I had absolutely no idea which way to go to get to the stadium so I do what I always do in that situation. I followed the other people who all seemed to be heading in the same direction. Ten minutes later, we were at the stadium and showing our tickets to the ticket taker and getting a free St. Louis Blues T-shirt. We had been told that once in the concourse to look for an awning covered set of carpeted stairs heading up. Of course when we founded it, there was an official guarding it until we proved we belonged there. We stood in line behind a couple other normal poor looking blokes such as myself and showed our tickets. I was beginning to suspect something was up.

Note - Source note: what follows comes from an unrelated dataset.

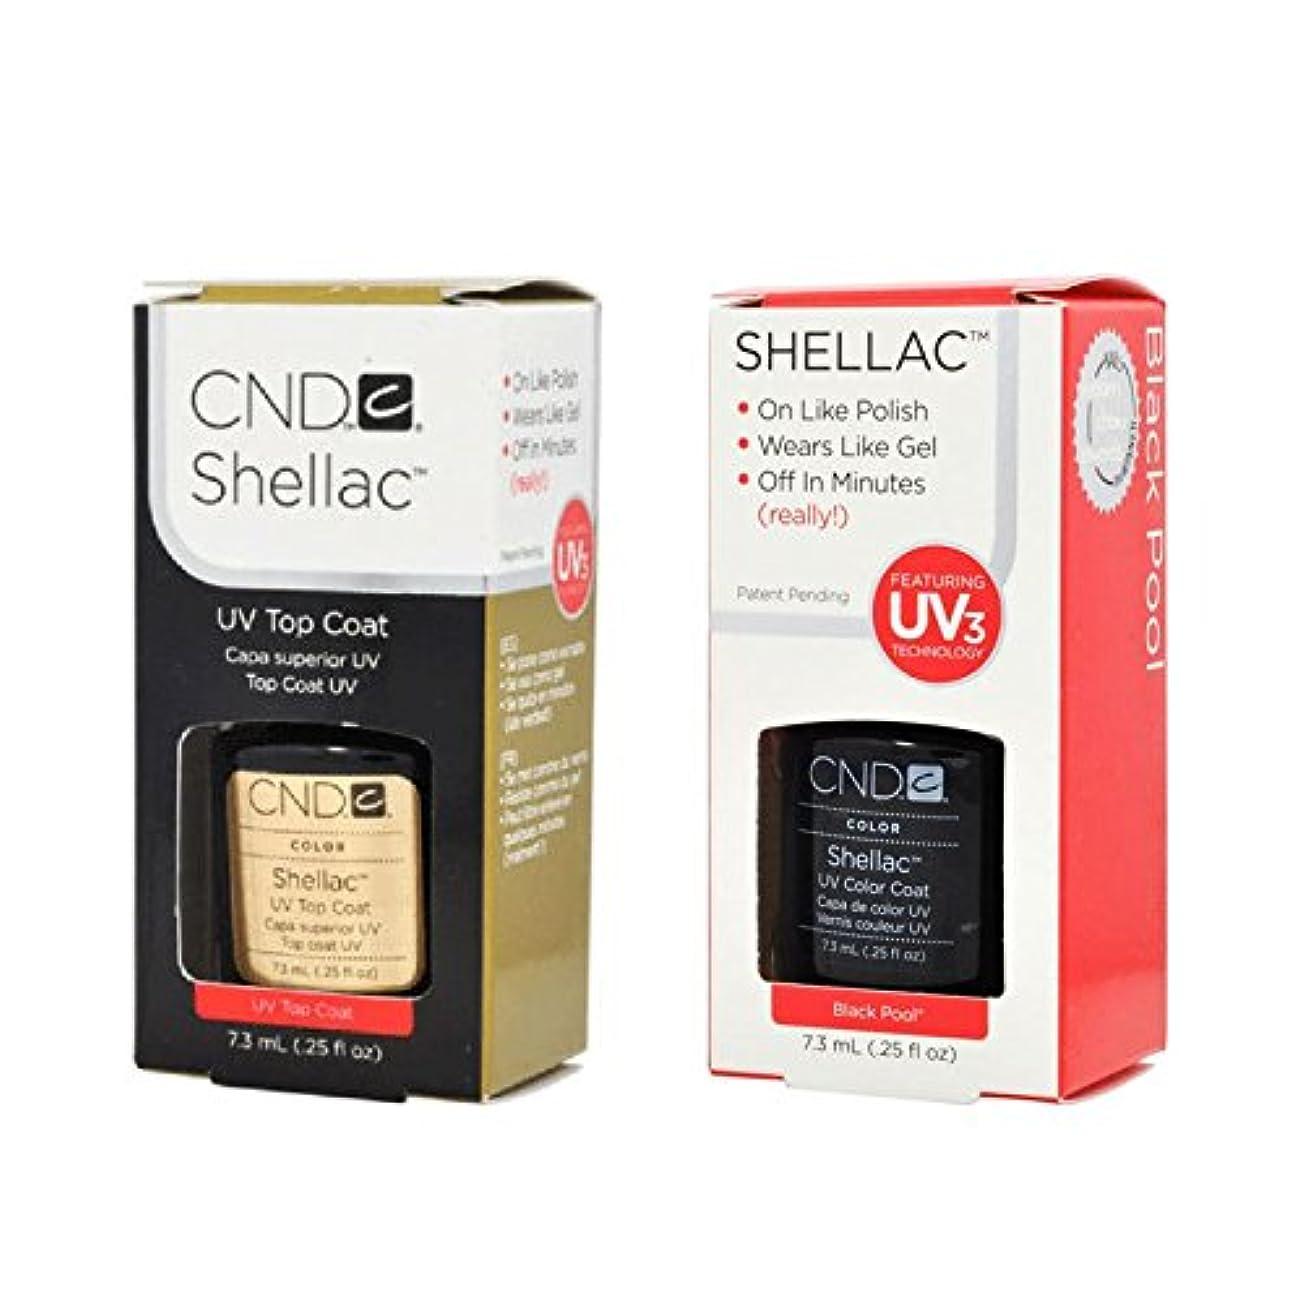 ピーク銅小数CND Shellac UVトップコート 7.3m l  &  UV カラーコー< Black Pool>7.3ml [海外直送品]

The crowd of normal poor looking blokes got thicker as we approached the top of the stairs. To our right was a set of stairs heading up to the glass boxes with a waiter or two and to our left were some average looking stadium seats and right in the middle was someone checking tickets directing them one direction or the other. So when I showed my ticket and she pointed me to the left, I was disappointed. I had walked as close to the gates of the forbidden city as you could get without actually stepping foot inside and was denied entrance.
So we walked over to our seat and were pleased to see that they were at least leather-covered seats. We sat down just as the puck dropped and the game got underway. We could have watched the subtleties of the game and tried to learn the rules of the game but we hadn't eaten in a long while were starving. We needed some food. The first waiter, not an older person in a suit but a guy that looked like your standard hotdog hawker at a baseball game, came by but with a crate of bottled beer. People around us would hold up their hand with a number of fingers extended and the guy would hand them a beer. No money changed hands. My co-worker and I decided we must act now and held up our hands with two fingers extended and were soon rewarded with two icy cold beers in our hands and more importantly, the guy was walking away while probably a dozen or so of my dollars still remained in my billfold. SWEET!
Another vendor walked by with an insulated cooler strapped around his neck and we flagged him down. We asked what he had and he gave us a list but we were so overwhelmed by it all, we just heard chicken and soon each had a box of piping hot chicken tenders in our hand. We wolfed them down and kept our eyes not on the game but on the waiters behind us and soon another one passed by and stopped to our raised hands. From him we got bratwursts. Perhaps it was on the third pimply nosed teenage waiter that we finally heard him above the stadium noises and realized that every waiter, except for the beer guy, had exactly the same thing in their insulated bags. They all had hotdogs, bratwursts, chicken tenders, pretzels, peanuts, salad and ice cream. So we did what anyone would do in a situation where people were practically throwing you normally high priced food at you, we ate one of each and two of some.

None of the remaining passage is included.